4. A hot strip reversing mill as claimed in claim 1, wherein said roll including a shape detector is a segmented roll comprising a plurality of segments, each segment having at least one sensor.

5. A hot strip reversing mill as claimed in claim 4, wherein said sensor is a load cell.

6. A hot strip reversing mill as claimed in claim 1, wherein said roll including a shape detector is the roll of the pinch roll assembly that is on the same side of a pass line of the hot strip reversing mill as the coiler.

7. A pinch roll assembly for monitoring and continuously correcting flatness in a metal strip, said assembly comprising:

a top roll and a bottom roll adapted to engage the metal strip, wherein the path of the metal strip is selectively deflected by engagement with at least one of said top roll and said bottom roll;

wherein at least one of said top roll and said bottom roll includes a shape detector for detecting defects in the metal strip, wherein said shape detector detects the characteristics of the metal strip at a plurality of locations across the width of the metal strip, said shape detector being configured to supply data to a shape control system that can correct for defects in the shape of the metal strip.

8. A pinch roll assembly as claimed in claim 7, wherein said roll including a shape detector is a segmented roll comprising a plurality of segments, each segment having at least one sensor.

9. A pinch roll assembly as claimed in claim 8, wherein said sensor is a load cell.

10. A pinch roll assembly as claimed in claim 7, wherein said shape detector includes means to detect metal strip position in relation to mill center.

11. A pinch roll assembly as claimed in claim 7, wherein said roll including a shape detector is a roll of the pinch roll assembly that is on the same side of a pass line of the hot strip reversing mill as the coiler.

12. A method of retrofitting a shape detector to a hot strip reversing mill having at least one hot reversing stand adapted for hot rolling of metal strip, at least one coiler on either side of the hot reversing stand and a pinch roll assembly including a pair of rolls positioned between said coiler and the hot reversing stand, wherein said pair of rolls are adapted to engage the metal strip and the path of the metal strip is selectively deflected by said engagement with at least one of said pair of rolls, comprising the steps of:

a) removing one of said rolls in said pinch roll assembly; and

b) replacing said roll removed in step a) with a roll including a shape detector for detecting defects in the shape of a metal strip wherein said shape detector detects the characteristics of the metal strip at a plurality of locations cross the width of the metal strip.

13. A method as claimed in claim 12, further including the steps of:

adding a shape control system to the hot strip reversing mill; and

connecting said shape detector to said shape control.

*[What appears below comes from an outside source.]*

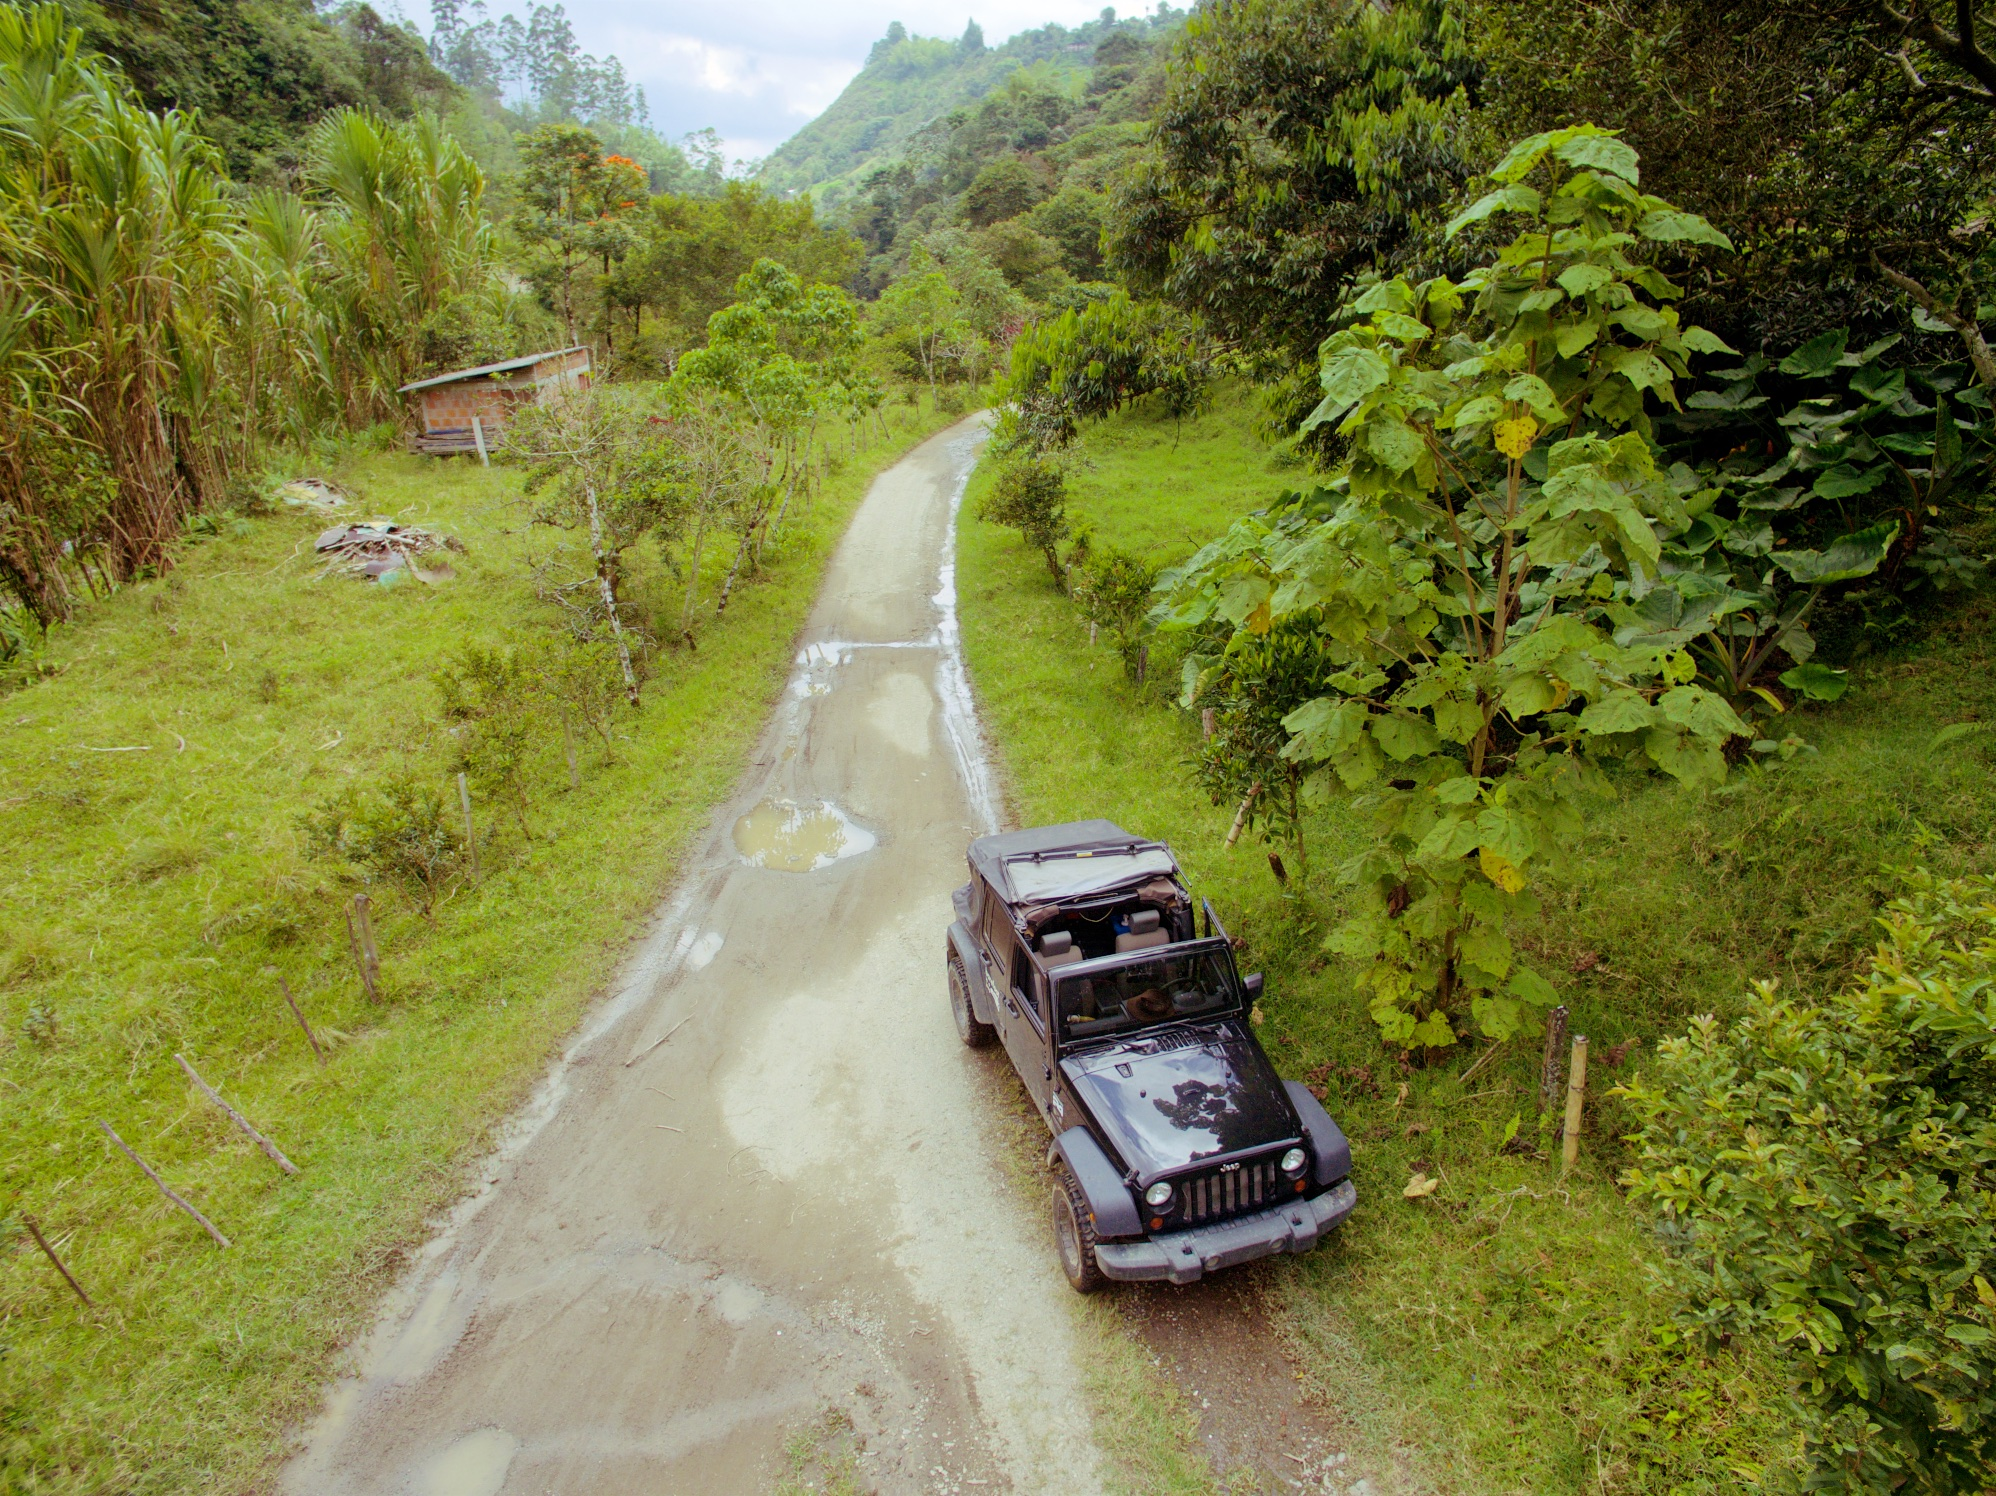 Drone shot of the Jeep near coffee field in Salento, Colombia.

14. A method as claimed in claim 12, further including the steps of:

adding a steering control to the hot strip reversing mill; and

connecting said shape detector to said steering control.

15. A method as claimed in claim 12, wherein said roll including a shape detector is a segmented roll comprising a plurality of segments, each segment having at least one sensor.

16. A method as claimed in claim 15, wherein said sensor is a load cell.

17. A method as claimed in claim 12, wherein said roll including a shape detector is the roll of the pinch roll assembly that is on the same side of a pass line of the hot strip reversing mill as the coiler.

18. A hot strip reversing mill comprising:

at least one hot reversing stand adapted for hot rolling of metal strip;

at least one coiler on either side of said at least one hot reversing stand; and

at least one shapemetering roll for detecting defects in the metal strip, wherein said shapemetering roll detects characteristics of the metal strip at a plurality of locations across the width of the metal strip and said shape metering roll forms a deflection roll deflecting the path of said strip.

19. The hot strip mill of claim 18 wherein said shapemetering roll is one roll of a pinch roll assembly.

20. The hot strip mill of claim 19 wherein said shapemetering roll of said pinch roll assembly is acting as a deflector roll during shape measurements.